Rooms are fine sized, nothing fancy, but perfectly livable. Bathrooms are single sex, though genders are mixed on each hall (guys room can be next to a women’s room).
Both Sellery and Witte are next to Gordon’s the large, new, southeast neighborhood dining hall. For Witte you have to crosse the street to get there, for Sellery it is just across a plaza.
My son loved the craziness and energy of Sellery/Witte, though he did acknowledge that hearing people crash down the hall at 3am on the weekends got kind of old, unless he was also doing it.
Slum??? Res Halls maintains its buildings. If things get grungy as the year progresses blame the students who are messy.

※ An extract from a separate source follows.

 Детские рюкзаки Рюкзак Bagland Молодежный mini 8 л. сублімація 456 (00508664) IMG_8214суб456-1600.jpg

Not every building will be shiny and new just because the students are new. Many other dorms are genuinely ancient. I find Barnard forboding, for example.

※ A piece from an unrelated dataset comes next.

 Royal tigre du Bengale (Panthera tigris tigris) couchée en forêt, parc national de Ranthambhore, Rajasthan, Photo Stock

Agree with wis75 that Sellery and Witte are hardly slums. The buildings are well-maintained, good services and support. Each floor has a commons room, with den chairs, some tables, and TV. Sellery had an academic advising office on the ground floor, and there is a seminar sized class room on the ground floor since some typical freshman intro lectures will have their discussion section assigned to meet there. There was a computer lab for printing, and a very nice laundry room, as I recall. After moving into an apartment sophomore year, my kid definitely missed the convenience of having a front desk to receive his packages, and having someone else clean the bathrooms.
They’re tiny, nasty and old. They sucked in the 70s and they suck now.
Wrong. They are a lot newer than many other dorms, the rooms ar4e no smaller than in many other dorms. Nasty? I bet they start out as clean and well kept as the rest of the dorms. The problem may be with residents who trash their home. They were NOT considered nasty in the early 1970’s, in fact they were among the newer dorms back then. The old OGG was the bad dorm- a reason it was torn down while much older dorms remain.
Witte and Sellery are difficult to get into. On the day placement comes out you will see hundreds, if not a thousand, students complain they did not get to live there.
They do house high numbers but they dorms like Slitcher, are almost a shoo-in.
Despite your chances of getting your most preferred dorm rank it first. Someone has to be the lucky one to get the top choice. The only caveat is to be sure to rank most to least desired- double check to be sure a bottom choice didn’t end near the top. Then, accept your assignment and be prepared to find people and a place you can love no matter what you originally thought.